Trede M, Schwall G
Surgical Clinic, Mannheim, University of Heidelberg, West Germany.
Ann Surg. 1988 Jan;207(1):39-47. doi: 10.1097/00000658-198801000-00009.
This paper analyses the early postoperative complications after 285 pancreaticoduodenectomies performed during the past 15 years in the Surgical University Clinic, Mannheim. There were 235 partial (Whipple) and 52 total pancreatectomies performed for pancreatic and periampullary tumors (181 patients) and complicated chronic pancreatitis (104 patients). A total of 92 complications requiring relaparotomy in 42 patients ended fatally in nine patients. The overall operative and hospital mortality rate was 3.1%. The most frequent and most dangerous were complications at or around the pancreaticojejunal anastomosis, which occurred 25 times with five deaths. Postoperative hemorrhage was seen in 16 patients; endoscopic treatment in four patients and operation in 12 patients was successful in stopping the bleeding in all but one patient. Eight biliary fistulae either ceased spontaneously (3 patients) or after operative reintervention (5 patients) without any mortality. Control of these complications depends on four lines of approach: (1) before operation: optimal preparation of the jaundiced patient including endoscopic transpapillary decompression of the common duct; (2) during operation: a meticulous and standardized technique is mandatory; (3) after operation: continuous observation in the surgical intensive care unit is essential for the timely detection of possible complications; and (4) early reintervention can salvage the great majority of these patients with deleterious complications.
本文分析了过去15年在曼海姆外科大学诊所进行的285例胰十二指肠切除术后的早期并发症。

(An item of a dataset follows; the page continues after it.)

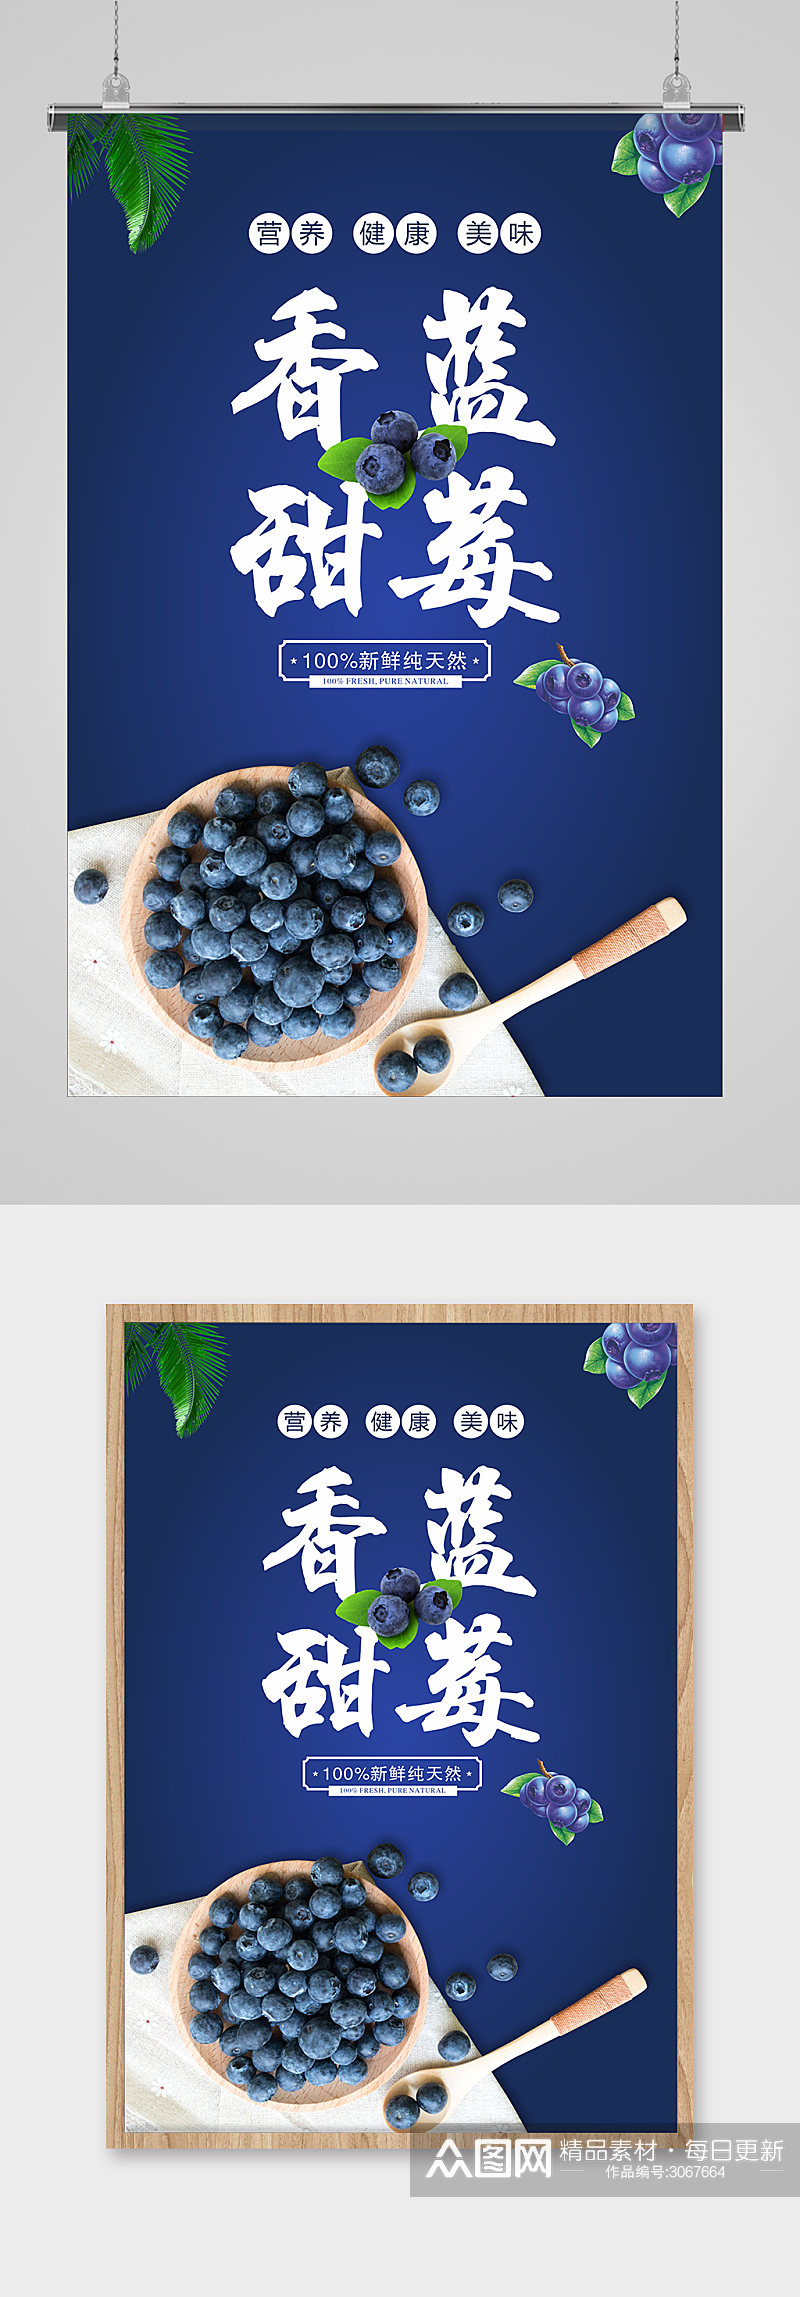 大气香甜蓝莓海报素材

其中,因胰腺和壶腹周围肿瘤(181例患者)及复杂性慢性胰腺炎(104例患者)进行了235例部分(惠普尔)胰十二指肠切除术和52例全胰切除术。共有92例并发症需要对42例患者进行再次剖腹手术,其中9例患者死亡。总体手术死亡率和住院死亡率为3.1%。最常见且最危险的并发症发生在胰空肠吻合口处或其周围,共发生25次,5例死亡。16例患者出现术后出血;4例患者接受内镜治疗,12例患者接受手术治疗,除1例患者外,其余患者出血均成功止住。8例胆瘘中,3例自行停止,5例经再次手术干预后停止,均无死亡病例。控制这些并发症取决于以下四个方面:(1)手术前:对黄疸患者进行最佳准备,包括内镜下经乳头胆管减压;(2)手术中:必须采用细致且标准化的技术;(3)手术后:在外科重症监护病房持续观察对于及时发现可能的并发症至关重要;(4)早期再次干预可挽救绝大多数出现有害并发症的患者。